▶ _Task to carry out_
Go through the data and copy each line where the word "Black" shows up.

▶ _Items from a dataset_
______

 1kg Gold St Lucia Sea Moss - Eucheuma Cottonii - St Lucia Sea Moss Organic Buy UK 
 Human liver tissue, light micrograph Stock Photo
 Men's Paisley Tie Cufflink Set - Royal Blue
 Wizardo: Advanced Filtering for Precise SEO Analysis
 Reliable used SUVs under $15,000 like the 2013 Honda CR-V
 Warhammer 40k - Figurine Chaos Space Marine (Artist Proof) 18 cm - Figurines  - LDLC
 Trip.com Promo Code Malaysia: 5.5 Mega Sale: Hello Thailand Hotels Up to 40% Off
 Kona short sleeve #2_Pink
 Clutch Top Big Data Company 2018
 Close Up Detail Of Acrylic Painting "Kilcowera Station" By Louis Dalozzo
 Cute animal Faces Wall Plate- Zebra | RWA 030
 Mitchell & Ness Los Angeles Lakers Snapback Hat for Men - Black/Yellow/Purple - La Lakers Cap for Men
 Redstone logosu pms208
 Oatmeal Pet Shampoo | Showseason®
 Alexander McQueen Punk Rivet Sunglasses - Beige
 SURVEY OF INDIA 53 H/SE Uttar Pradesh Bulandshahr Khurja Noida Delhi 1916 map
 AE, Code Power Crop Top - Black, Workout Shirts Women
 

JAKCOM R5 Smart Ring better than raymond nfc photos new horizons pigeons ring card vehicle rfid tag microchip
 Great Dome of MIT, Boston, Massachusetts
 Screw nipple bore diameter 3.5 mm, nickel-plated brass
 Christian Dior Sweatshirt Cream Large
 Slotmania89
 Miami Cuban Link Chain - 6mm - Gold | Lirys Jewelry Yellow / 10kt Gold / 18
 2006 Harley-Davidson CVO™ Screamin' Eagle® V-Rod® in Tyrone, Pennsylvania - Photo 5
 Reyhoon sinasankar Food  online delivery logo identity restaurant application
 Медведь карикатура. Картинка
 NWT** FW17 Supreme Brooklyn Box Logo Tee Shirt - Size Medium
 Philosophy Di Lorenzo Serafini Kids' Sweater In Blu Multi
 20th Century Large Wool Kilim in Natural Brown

______

▶ _Exercise output_
 Mitchell & Ness Los Angeles Lakers Snapback Hat for Men - Black/Yellow/Purple - La Lakers Cap for Men
 AE, Code Power Crop Top - Black, Workout Shirts Women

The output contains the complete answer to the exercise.